PPO is implemented as an actor-critic method. The actor is the policy network that selects actions; the critic is a value network that estimates the expected return from a given state. The critic's value estimates are used to compute advantage estimates — measures of how much better or worse an action was compared to the average expected return from that state. Advantage estimates reduce the variance of the policy gradient update, improving training stability.

Generalised Advantage Estimation (GAE), introduced alongside PPO's development, is the standard method for computing advantages in PPO implementations. GAE balances bias and variance by exponentially weighting temporal-difference errors across multiple time steps.

Training Process

A typical PPO training loop:

  1. The current policy (actor) interacts with the environment for a fixed number of time steps, collecting a batch of transitions.
  2. The critic estimates value functions for each state in the batch.
  3. Advantage estimates are computed using GAE.
  4. Multiple epochs of minibatch gradient updates are performed on the clipped objective, value loss, and entropy bonus.
  5. The policy is updated, and the process repeats with new environment data.

The ability to perform multiple epochs of updates on each batch of collected data is a significant advantage over earlier policy gradient methods, which require a new batch of data for every gradient step. This makes PPO considerably more sample-efficient in practice.

Applications in Language Model Training

PPO's most prominent application in recent years has been as the optimisation algorithm in Reinforcement Learning from Human Feedback (RLHF), the technique used to align large language models with human preferences. In RLHF:

  1. A language model generates text completions for prompts.
  2. Human raters rank the completions according to quality, helpfulness, or safety.
  3. A reward model is trained to predict human ratings.
  4. PPO fine-tunes the language model to maximise rewards from the reward model while a KL penalty prevents the policy from deviating too far from the original supervised baseline.

This process, combined with supervised fine-tuning on human demonstrations, produced InstructGPT (2022) and the subsequent series of ChatGPT models. PPO's stability and ability to handle large neural network policies made it well-suited to this application.

In 2024 and 2025, alternative algorithms including Direct Preference Optimization (DPO) and Group Relative Policy Optimization (GRPO) gained popularity as simpler alternatives to PPO for preference-based fine-tuning. GRPO, developed by DeepSeek researchers, was notably used to train DeepSeek-R1's reasoning capabilities. However, PPO remains widely used for tasks requiring a separate reward model and online data collection.
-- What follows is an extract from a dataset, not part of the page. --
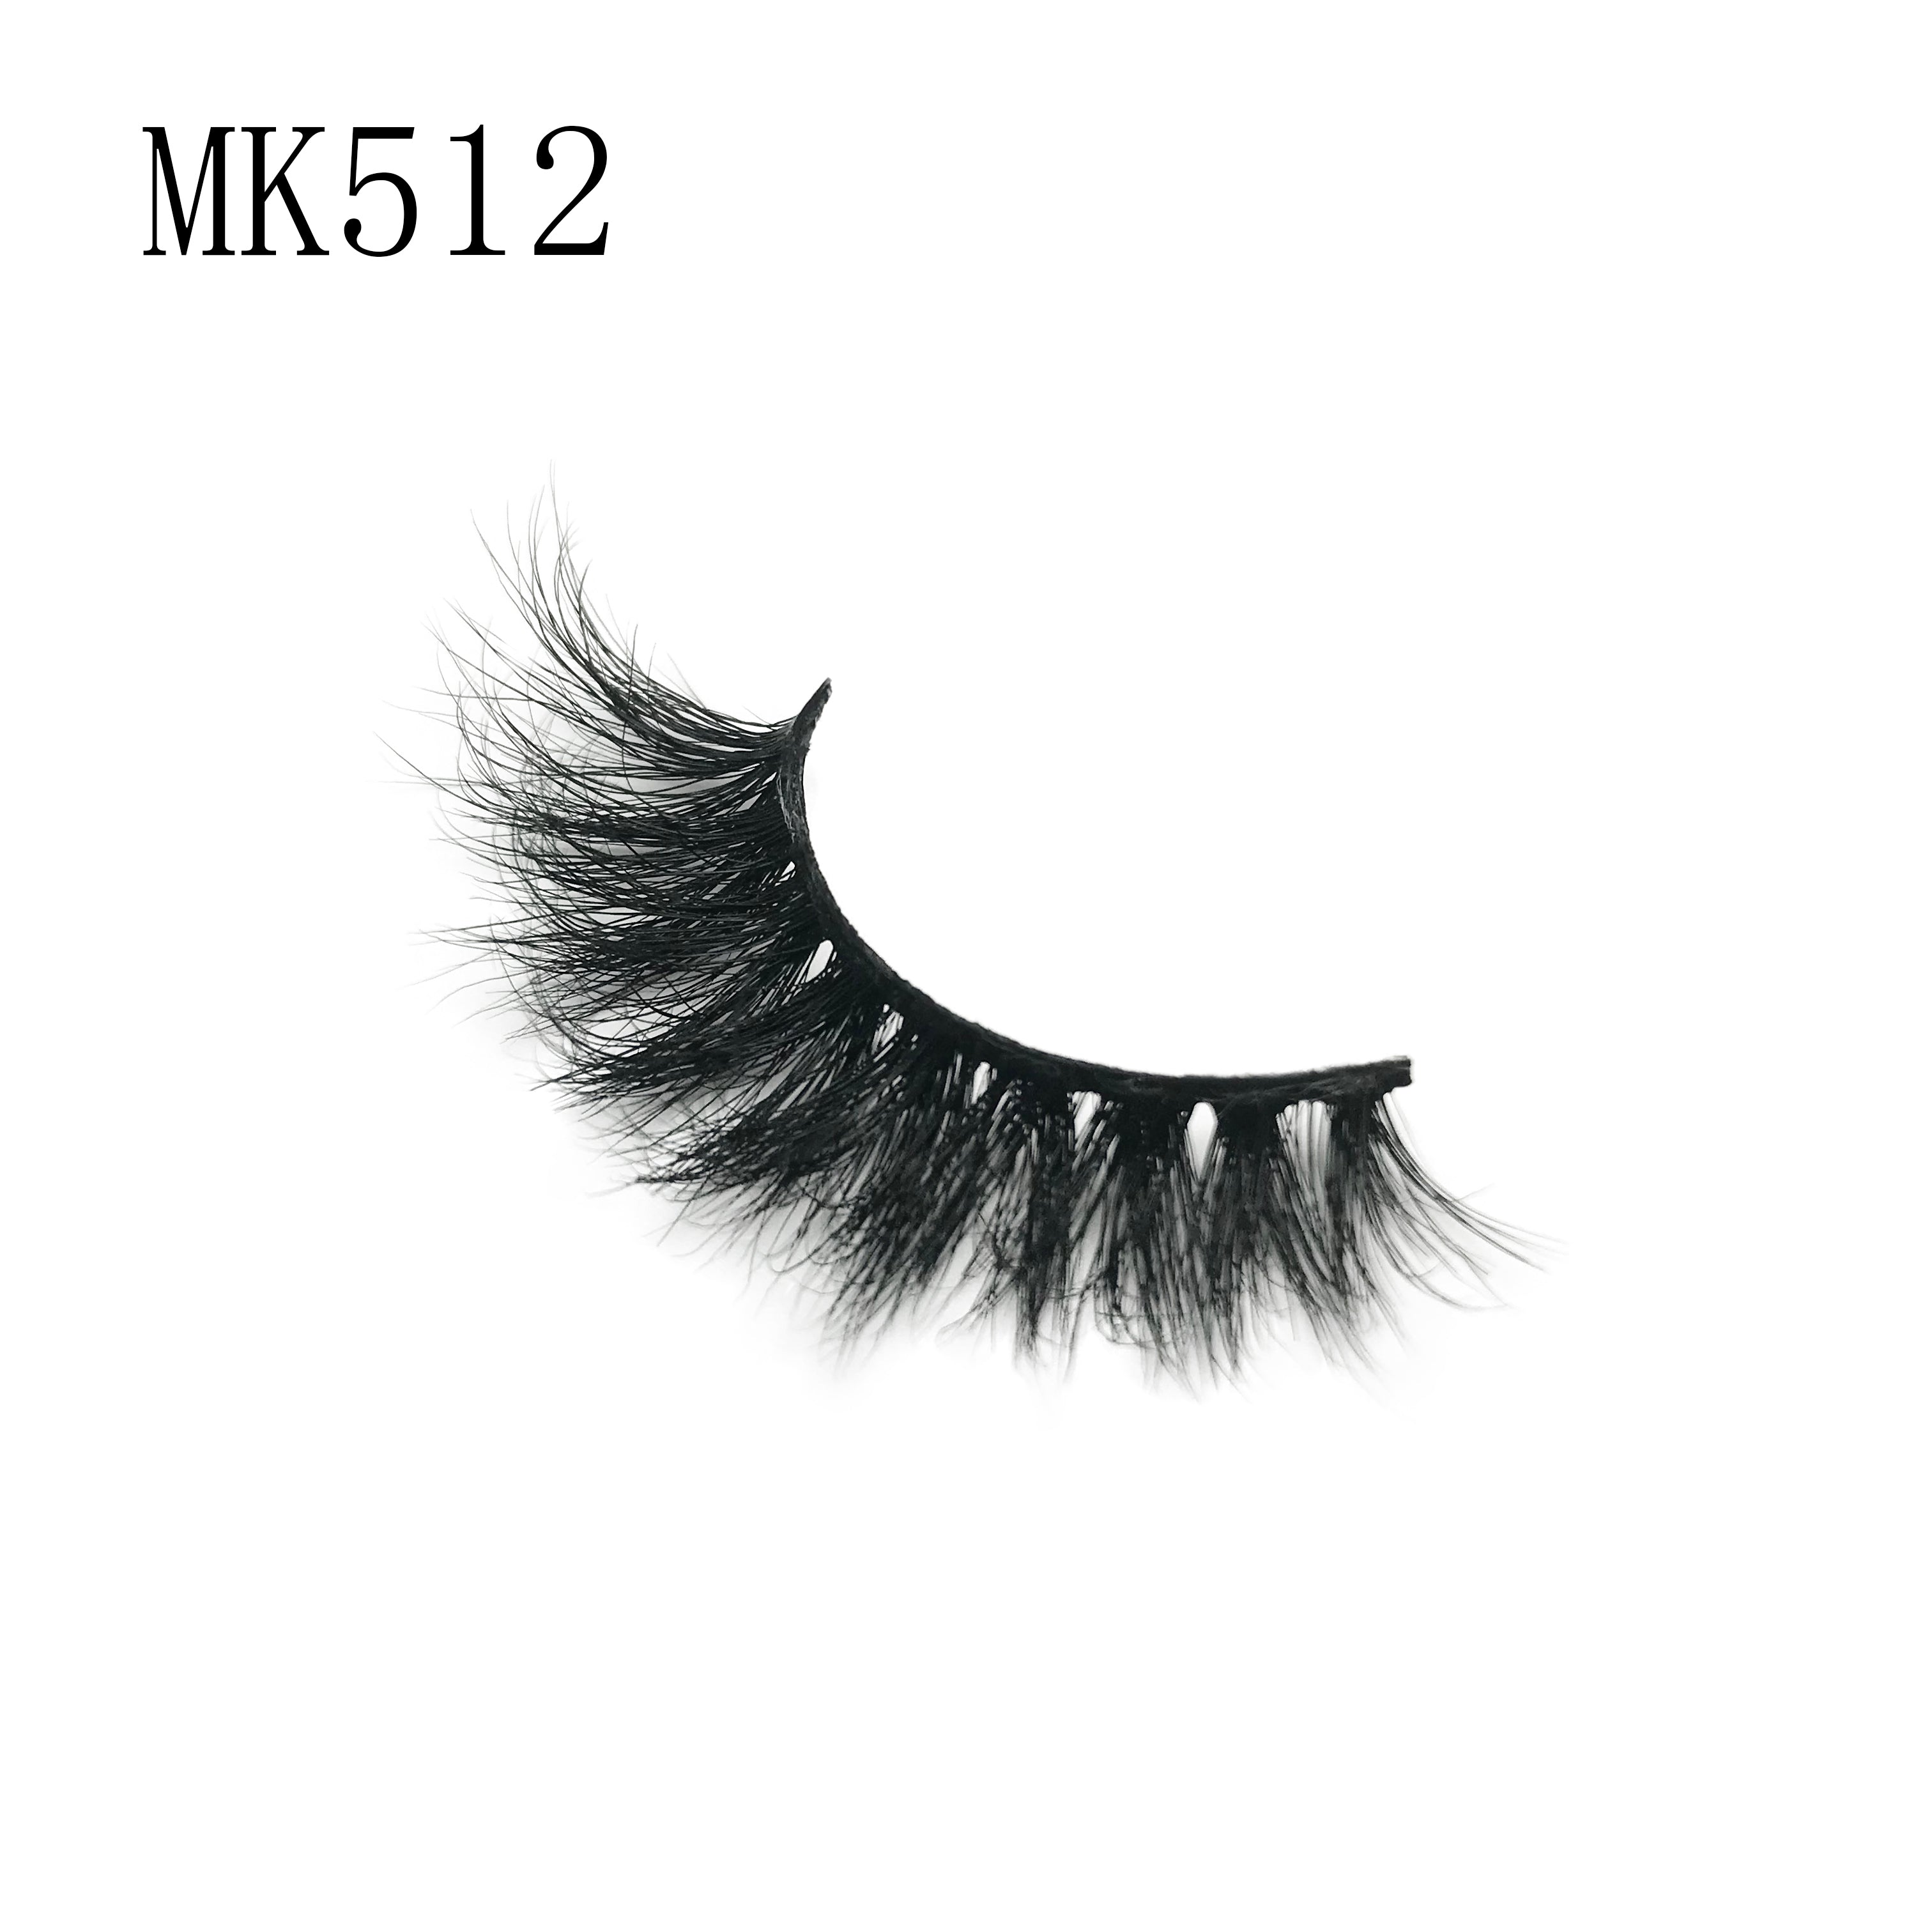 3D Mink Lashes - MK512

| Algorithm | Constraint Mechanism | Complexity | Sample Efficiency | |---|---|---|---| | REINFORCE | None | Low | Low | | TRPO | KL constraint (hard) | High | Moderate | | PPO | Clipped ratio (soft) | Low | Good | | DPO | No RL loop | Very low | Offline only | | GRPO | Group-relative reward | Moderate | Good |

References

  1. Schulman, J., Wolski, F., Dhariwal, P., Radford, A., & Klimov, O. (2017). Proximal policy optimization algorithms. arXiv:1707.06347.
  2. Schulman, J., Levine, S., Abbeel, P., Jordan, M., & Moritz, P. (2015). Trust region policy optimization. Proceedings of ICML 2015.
  3. Ouyang, L., et al. (2022). Training language models to follow instructions with human feedback. Advances in Neural Information Processing Systems, 35.
  4. Schulman, J., Moritz, P., Levine, S., Jordan, M., & Abbeel, P. (2015). High-dimensional continuous control using generalized advantage estimation. arXiv:1506.02438.
  5. DigitalOcean. (2024). Proximal Policy Optimization: Implementation and Applications. DigitalOcean Community Tutorials.